Divja (also known as Divzanchi Jatra) is a traditional ritualistic lamp-bearing procession practiced in Goa. The ritual involves women carrying and performing an unvalni (a ceremonial circumambulation) with specially designed oil lamps known as divja around a deity within a temple.

== Ritual ==

A divja is a distinctive type of lamp, traditionally crafted from clay, though brass or steel versions are now also commonly used. The structure consists of five small cups designed to hold oil and wicks, mounted on a base. A specific design feature includes a small projection, or "beak," which facilitates the lighting of the wicks. Participants hold the lamp firmly at the narrow section connecting the base to the upper part.

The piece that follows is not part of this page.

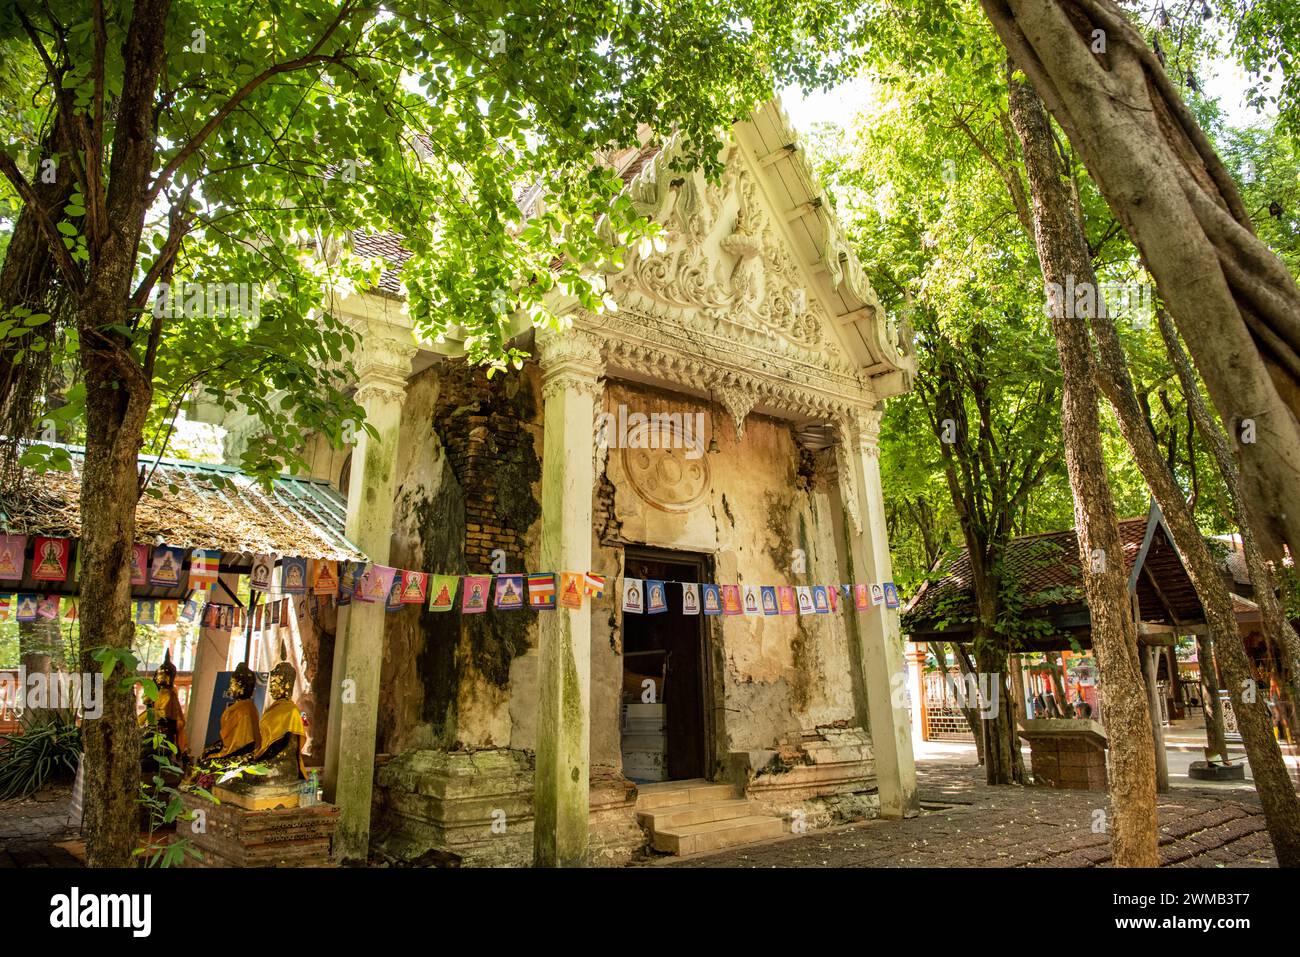 L'ancien temple de Wat Pho Bang Khla près de la ville de Mueang Chachoengsao dans la province de Chachoengsao en Thaïlande. Thaïlande, Chachoengsao, 4 novembre 202 Banque D'Images

The ritual is typically initiated at the primary deity's temple, where participants perform five to seven circumambulations before the lamps are immersed, often at a designated water body or back at the main shrine. The practice involves women, often those who have taken a vow, carrying the lit divja in a procession. They may be accompanied by a Gurav (temple priest) who places the lamp on the woman's head before the procession begins, although in some traditions, the women hold the lamps in their hands.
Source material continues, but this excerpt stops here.